Why Israeli kids are singing ‘Up, Do Terror Attacks!’

by
Yoram Hazony
August 08, 2014

A few days ago, I called a young relative who is serving in the Israeli air force and asked him: “Do you know that song—“Kum, Aseh Piguim”?

Without missing a beat, he said: “You mean that song that’s a hit all over Israel? The song that all my friends are singing all the time?”

“Yeah,” I said. “That song. I wanted to know if you can explain to me why they are singing it?”

What I actually meant to ask was: Can you please explain to me why all the young people in Israel are singing a song entitled “Up, Do Terror Attacks”—a song recorded and released by Hamas in Gaza, which repeatedly calls for killing or expelling all the Jews from Israel? But I didn’t have to say all that. He knew why I was asking.

“It’s because it makes us feel good,” he replied.

By then I wasn’t surprised. I had made several other calls, both to my own children and to other young people participating in different branches of the Israeli armed forces, and had gotten versions of this same answer from all of them: All their friends are singing it. It’s basically become the de facto anthem of the Israeli war effort. And they are singing it because it makes them feel good. The question, of course, is why Israeli soldiers, and their brothers and sisters at home, feel good to be singing a song about exterminating them and their families, along with the country they have sworn to defend.

I’ve been hearing about this song for a few weeks now, almost since the Hamas posted it on its YouTube channel around July 11. I first heard about it from my teenagers, who were laughing about this song Hamas had recorded in Hebrew and how terrible their pronunciation is. Then it turned out there was a video clip being passed around. But I really wasn’t interested. My son was fighting in Gaza. And my cousins. And the children of some of my closest friends. The casualties were mounting daily, and I was distracted by updates about soldiers in the field, and Israel’s shifting political situation internationally, and the rising tide of anti-Semitic protests in Europe and elsewhere. It wasn’t until dozens of Israeli soldiers had been killed, including soldiers in my son’s unit and other friends of my children, that it finally dawned on me how very bizarre it was that Israeli young people were continuing to sing this Hamas song. And making their own recordings of it and posting them on social media. And playing it at parties. And dancing to it at night clubs. And using it as the ringtone on their phones.

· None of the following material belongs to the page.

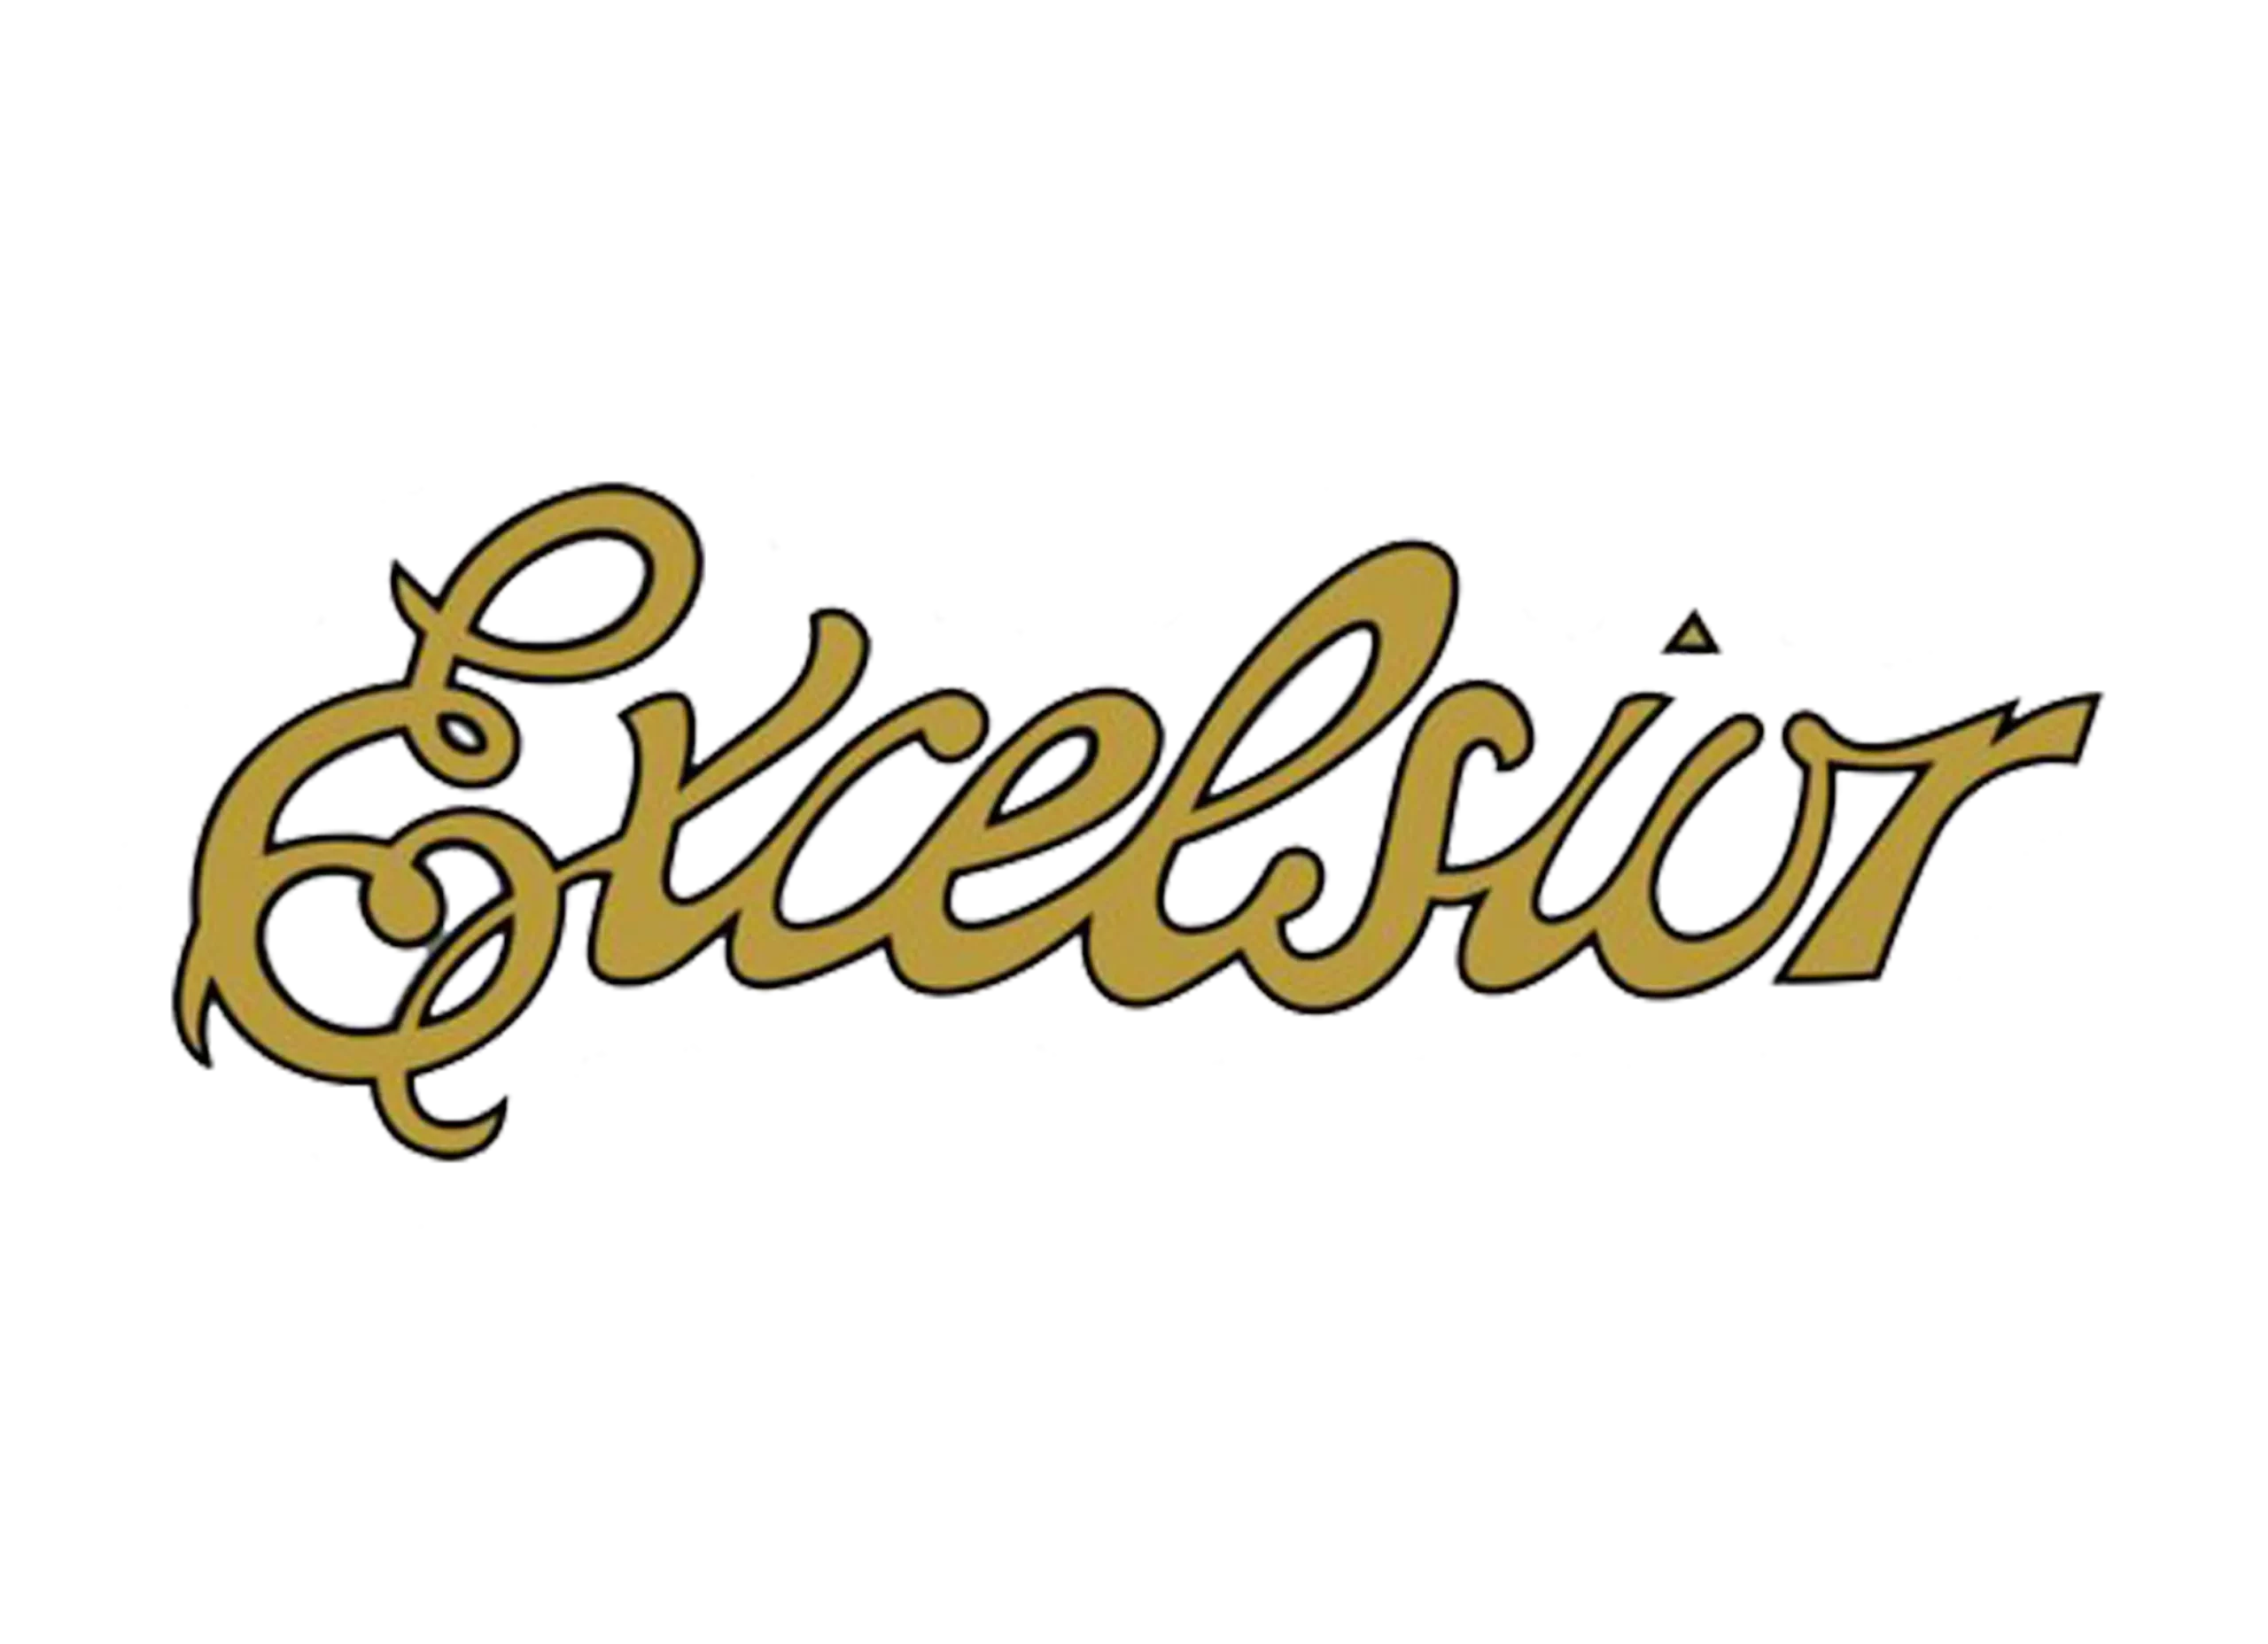 Excelsior logo 1908

A few days ago, I finally sat down and watched the video clip and listened to the song. YouTube had removed it from the Hamas channel saying that it is incitement to hatred (it sure is), but there were still plenty of copies floating around. In the video clip, what you see is scenes of Hamas soldiers building missiles and launching them at Israel, Hamas training for attacks on Israeli soldiers, and Hamas frogmen swimming offshore and entering Israel from the ocean bed to attack Israeli communities (an actual terror scenario that played itself out in recent weeks in southern Israel). Interwoven among these are shots of the twisted wreckage of burned out Israeli buses and cars—images not from the present war, but from earlier bombings and mass murders of Israeli civilians over the past fifteen years.

Superimposed on these images, the words “Death to Israel” are flashed time and again in large, red Hebrew letters.

While all of this is going on, what you are listening to is a catchy Mizrahi-style (that is, Middle Eastern) pop band singing the song “Up, Do Terror Attacks!” in a peculiar Arabic-accented Hebrew that you have to struggle to follow. But even on a first hearing, there are certain phrases that come through quite clearly—“eliminate all the Zionists,” “burn bases and soldiers,” “a country of weakness and delusion,” “demolish her down to her foundations,” “exterminate the nest of cockroaches,” “turn their world into a scene of horrors,” “they are being expelled and we are going to stay.” And of course the refrain, returning time and again: “Up, do terror attacks!”

When the song was first released, there was much of it that Israelis couldn’t understand. Partly, this is because the Gazans doing the singing can’t pronounce all the letters in the Hebrew alphabet. So a crucial word like piguim (the Hebrew word for “terror attacks”) comes out as biguim—a nonsense word that doesn’t mean anything at all in Hebrew. Imagine a song in English that calls dozens of times to mount horrific “terror attacks,” but in each case uses the expression “terror aggacks” instead, and you get the idea. The effect is a bit like the priest in The Princess Bride who keeps trying to get his audience to understand the sanctity of “mawwiage.”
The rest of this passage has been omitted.